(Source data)
···

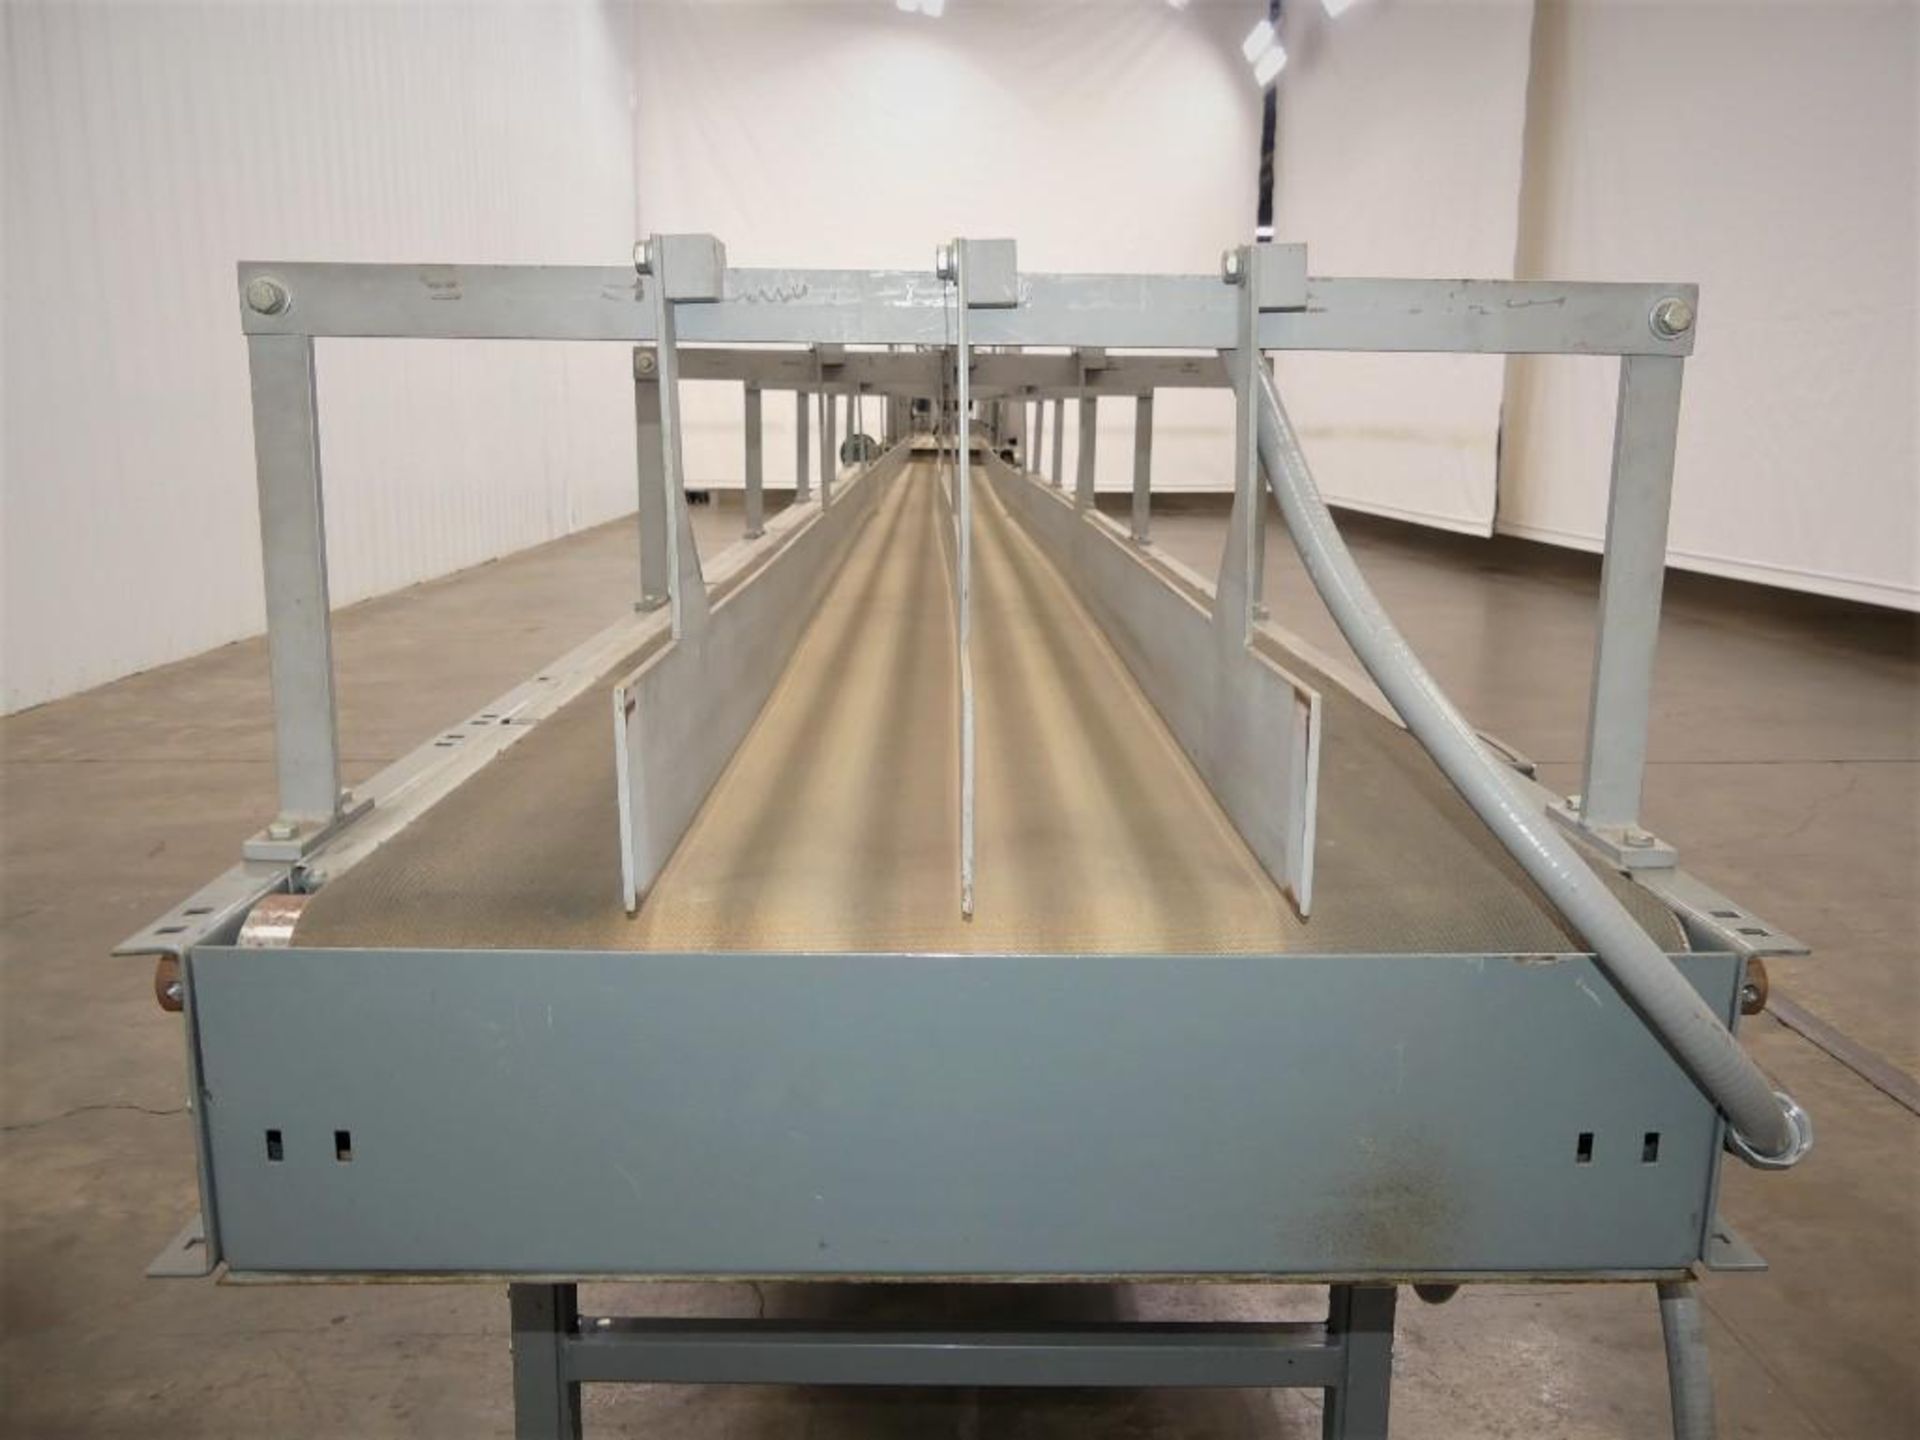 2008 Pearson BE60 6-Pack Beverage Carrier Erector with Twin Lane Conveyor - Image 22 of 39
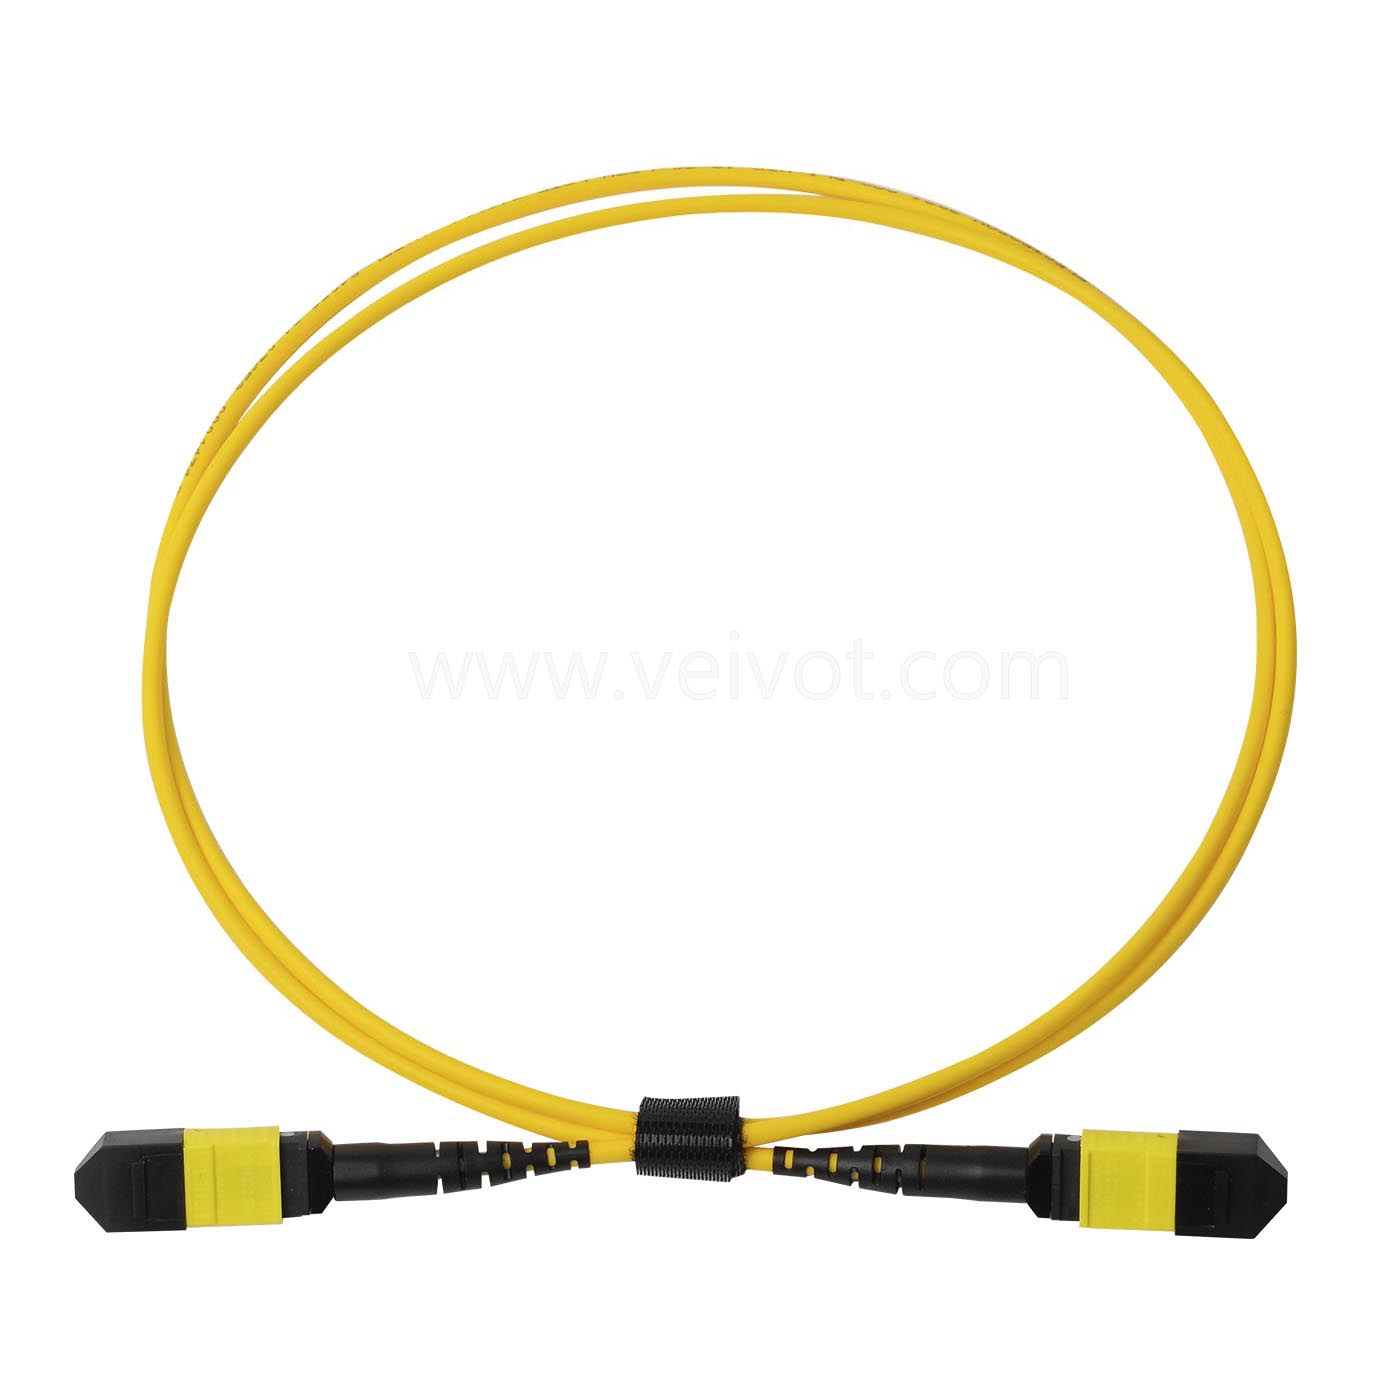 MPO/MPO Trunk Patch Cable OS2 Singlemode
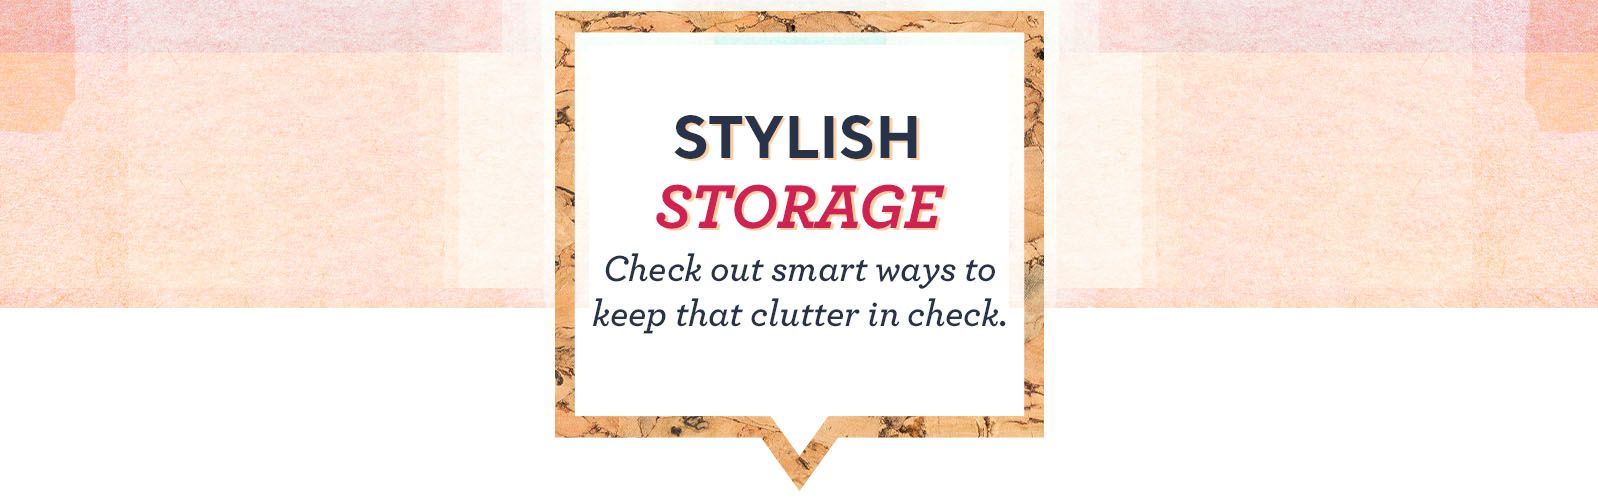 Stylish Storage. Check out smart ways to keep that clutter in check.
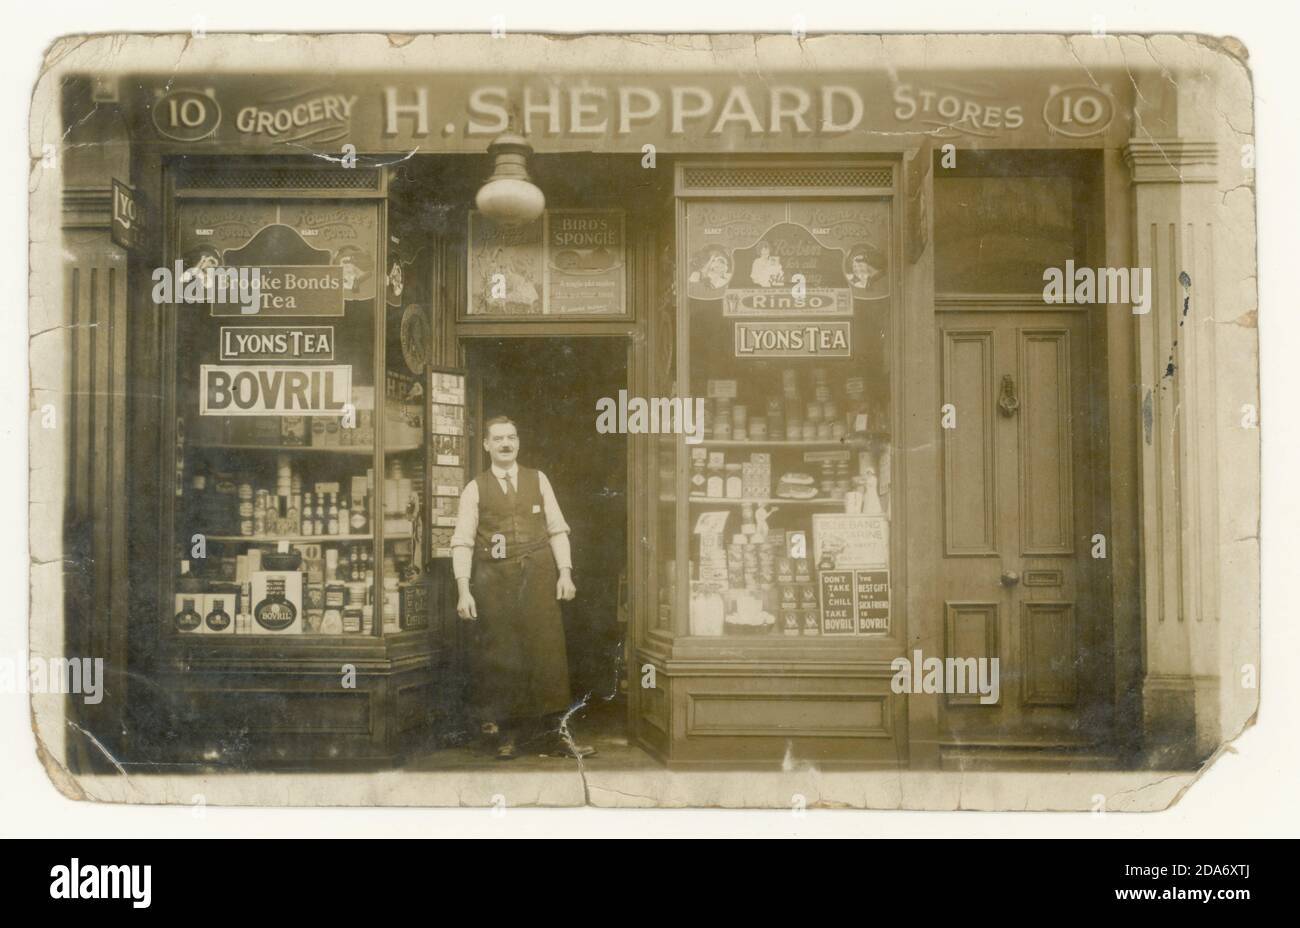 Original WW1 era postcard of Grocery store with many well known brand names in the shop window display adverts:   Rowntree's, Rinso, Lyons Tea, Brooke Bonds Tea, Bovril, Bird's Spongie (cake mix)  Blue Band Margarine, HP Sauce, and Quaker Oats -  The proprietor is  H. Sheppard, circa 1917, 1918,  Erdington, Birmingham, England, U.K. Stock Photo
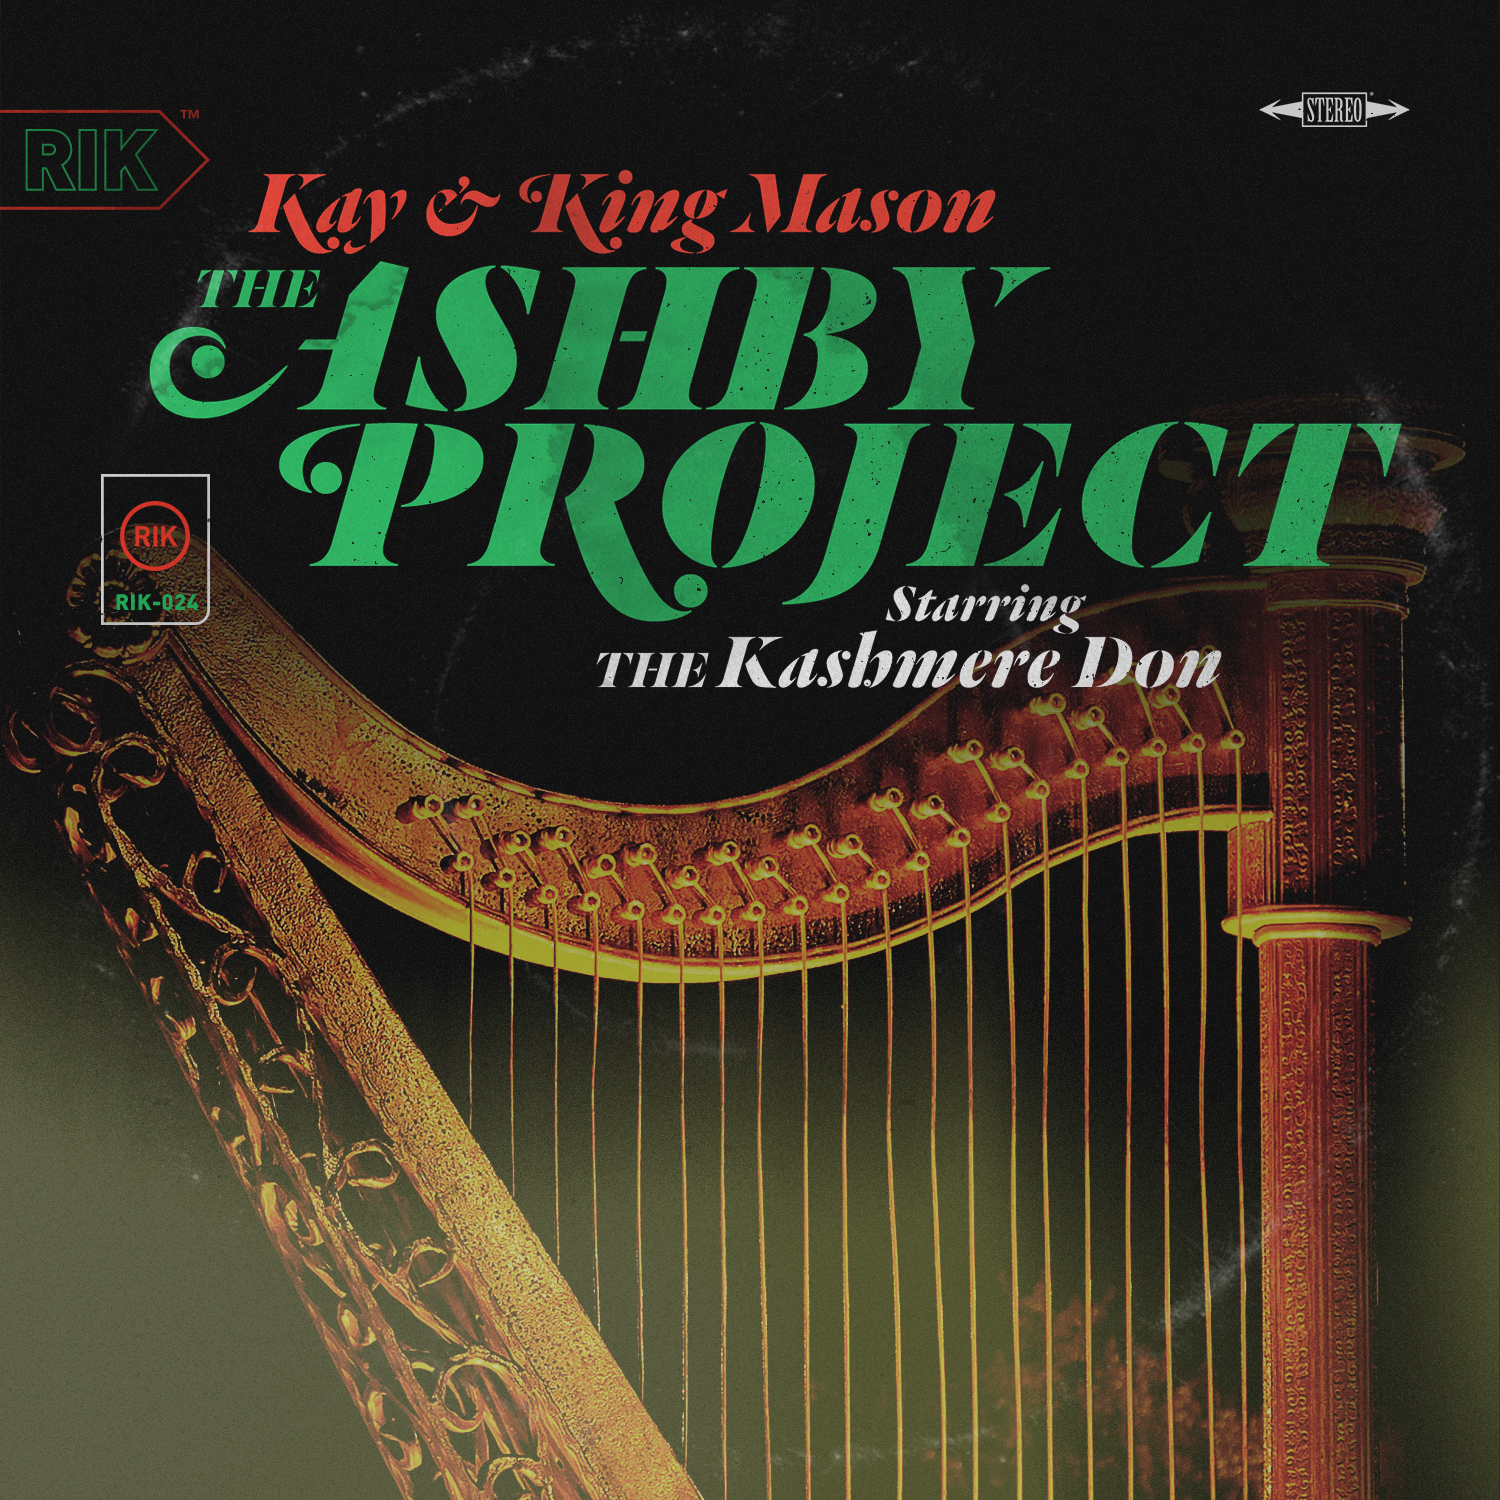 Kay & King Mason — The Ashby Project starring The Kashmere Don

···

The lines above must be transcribed exactly, with every picture left out.

 2008 Pearson BE60 6-Pack Beverage Carrier Erector with Twin Lane Conveyor - Image 22 of 39
 MPO/MPO Trunk Patch Cable OS2 Singlemode
 Stylish Storage. Check out smart ways to keep that clutter in check.
 Original WW1 era postcard of Grocery store with many well known brand names in the shop window display adverts:   Rowntree's, Rinso, Lyons Tea, Brooke Bonds Tea, Bovril, Bird's Spongie (cake mix)  Blue Band Margarine, HP Sauce, and Quaker Oats -  The proprietor is  H. Sheppard, circa 1917, 1918,  Erdington, Birmingham, England, U.K. Stock Photo
 Kay & King Mason — The Ashby Project starring The Kashmere Don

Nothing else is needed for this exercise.